Tossing upon that barren bed across that long night, I realized that both Dickens and myself were pursuing our darker selves, in the forms of these elusive women. Both Dickens and myself were attempting to prove our courage (I as lover? he as protector?). We were attempting to express those inexpressible desires, which our very age refused to acknowledge as even existing. The revelations offered up by Milord’s secret library had been shocking and profound. They tortured my faculties that long and sleepless night. How different in our longings after our Ellens and our Meggys were Dickens and myself from Ashbee? How different in wanting to act out exalted romantic fantasies, or stage much darker dramas?

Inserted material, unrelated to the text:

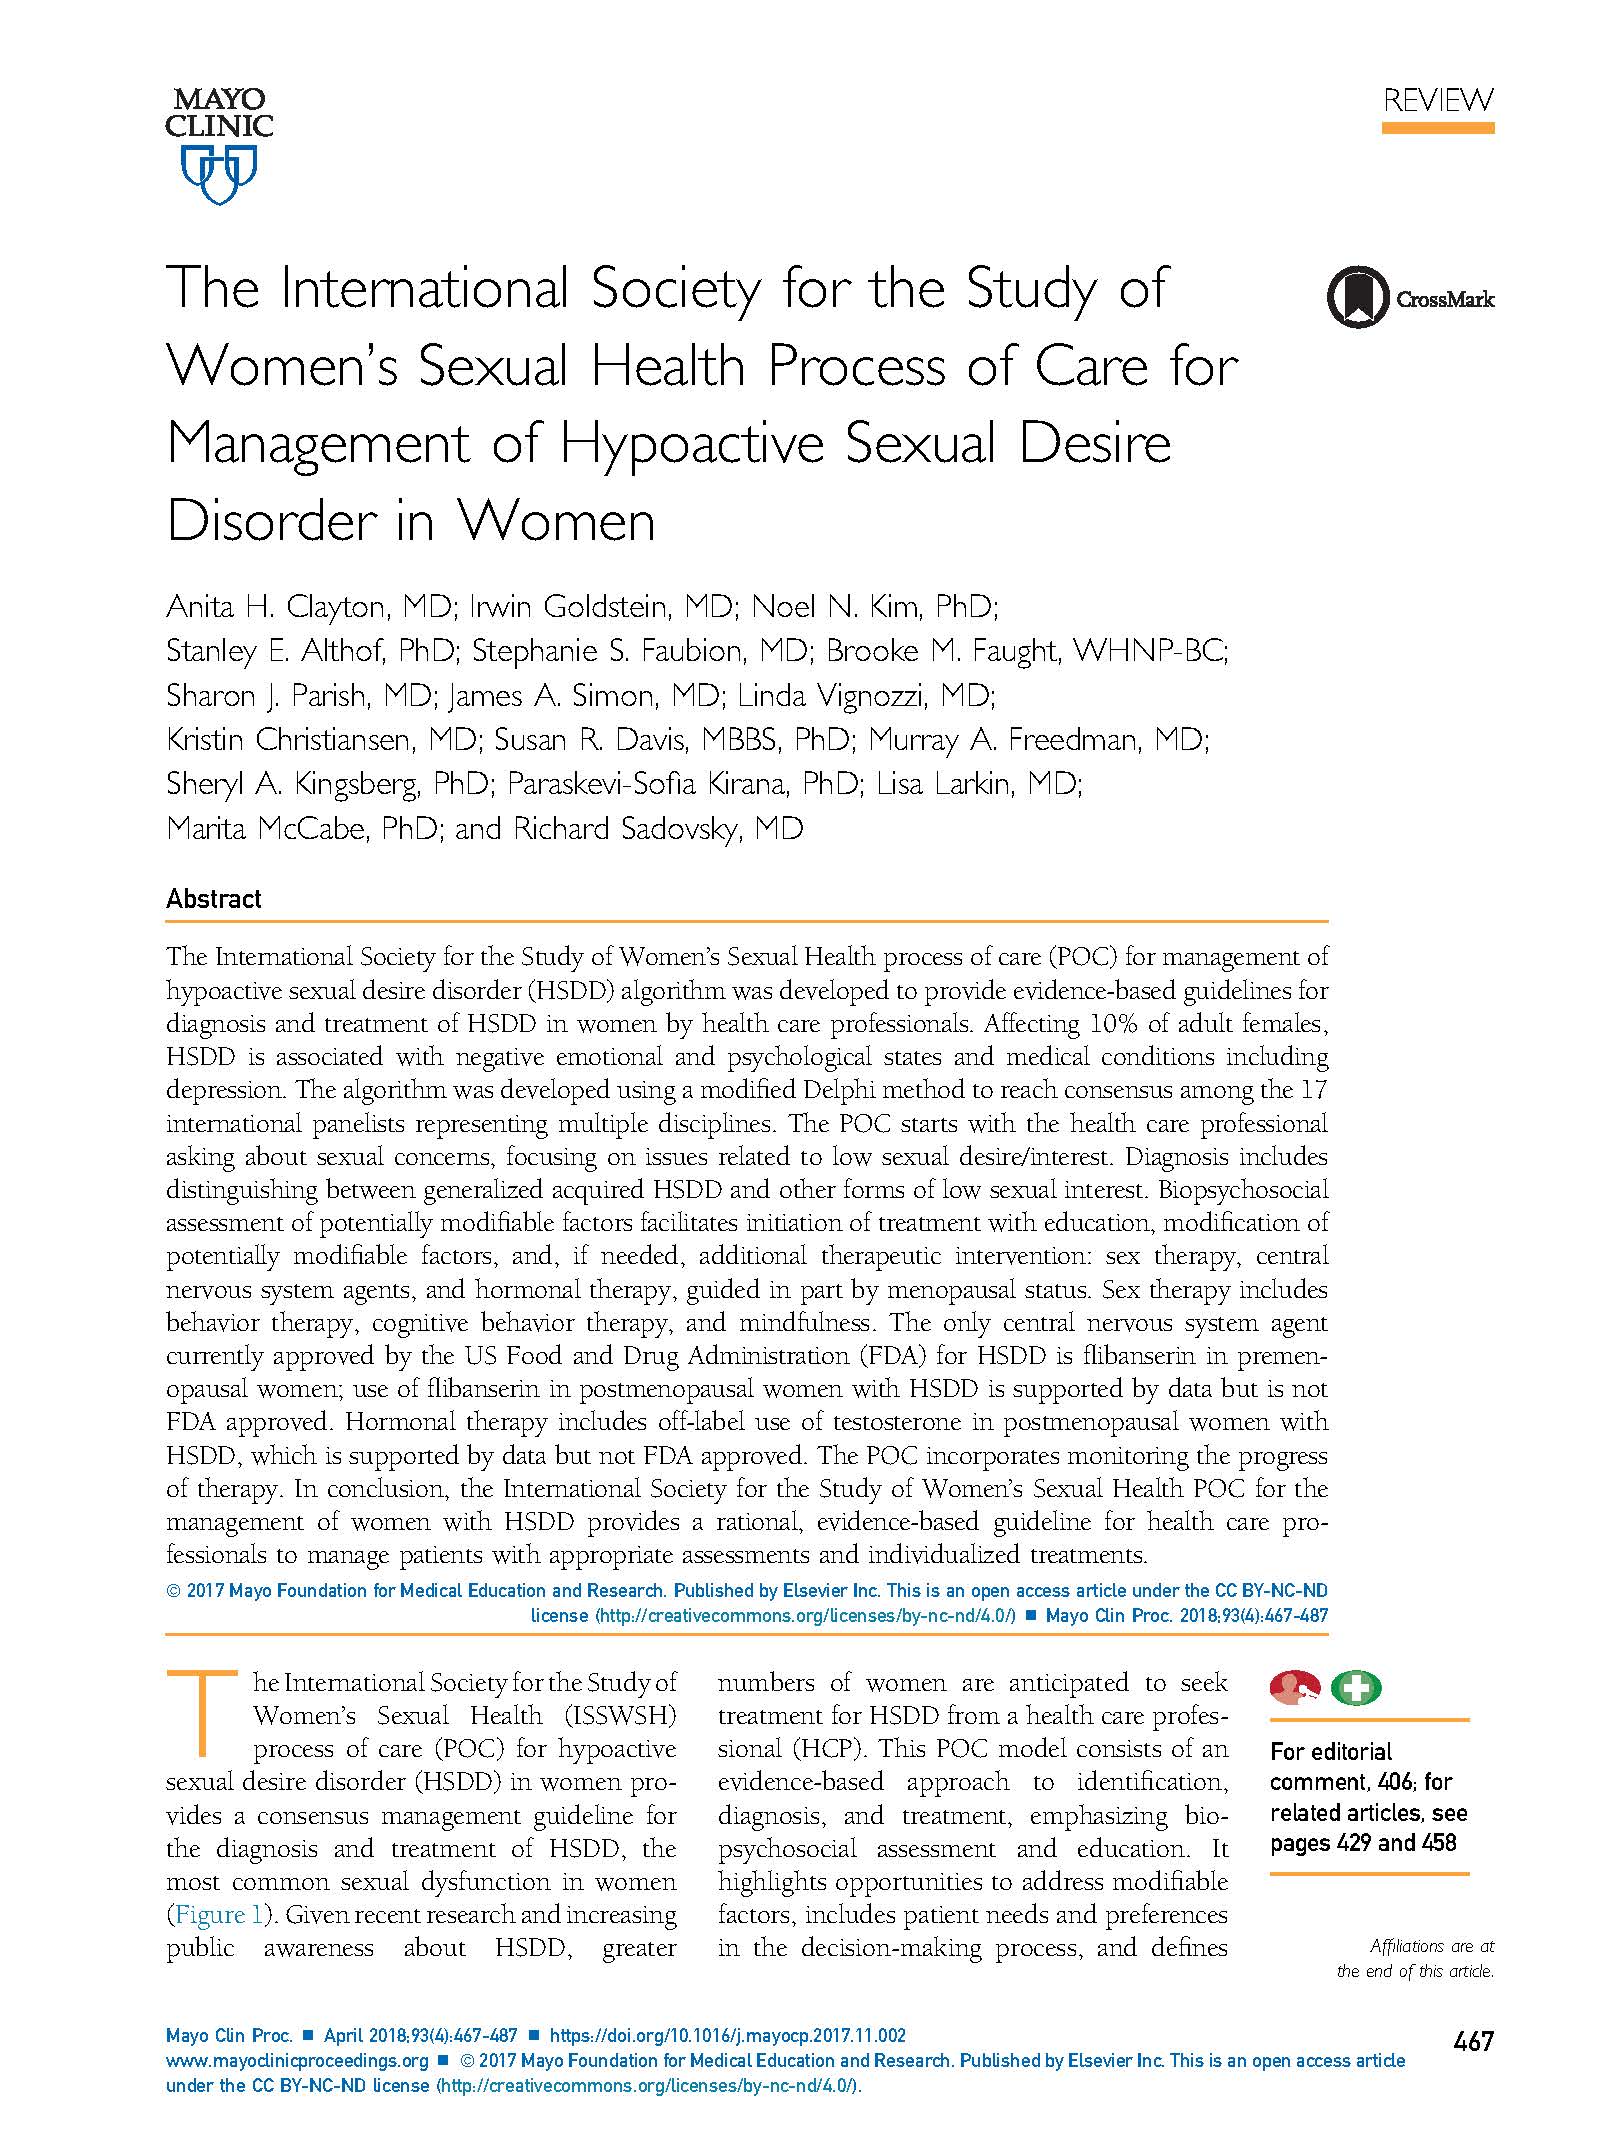 The International Society for the Study of Women’s Sexual Health Process of Care for Management of Hypoactive Sexual Desire Disorder in Women

I did not come to my senses until the lights went up on our makeshift stage in the music room at Devonshire House that evening. The rehearsal of
Not So Bad As We Seem
went well. Dickens conducted it briskly. He acted his scenes with a grim intent, as if he felt some relief at being able to lose himself in his other stage selves: the demanding stage manager, the actor, the character in Bulwar’s play, a Lord of the Realm caught in somewhat embarrassing circumstances. Yet, he moved through the rehearsal without his usual humor, his quick and cutting wit. It was as if he were suppressing a restless agitation of the soul which longed for some resolution.

Forster was his usual dour self, sleepwalking through his part. Mark Lemon did his usual cutting up (falling to his knees and pleading in the terms of Falstaff’s “Banish” speech when he forgot or misremembered his lines). Dickens, however, seemed oddly unaffected, aloof from all the little nuances which make life on the stage a worthwhile lark. It was as if we were all apparitions in one of his dreams, and he was waiting for the moment when he would awaken from us, and reenter the real world.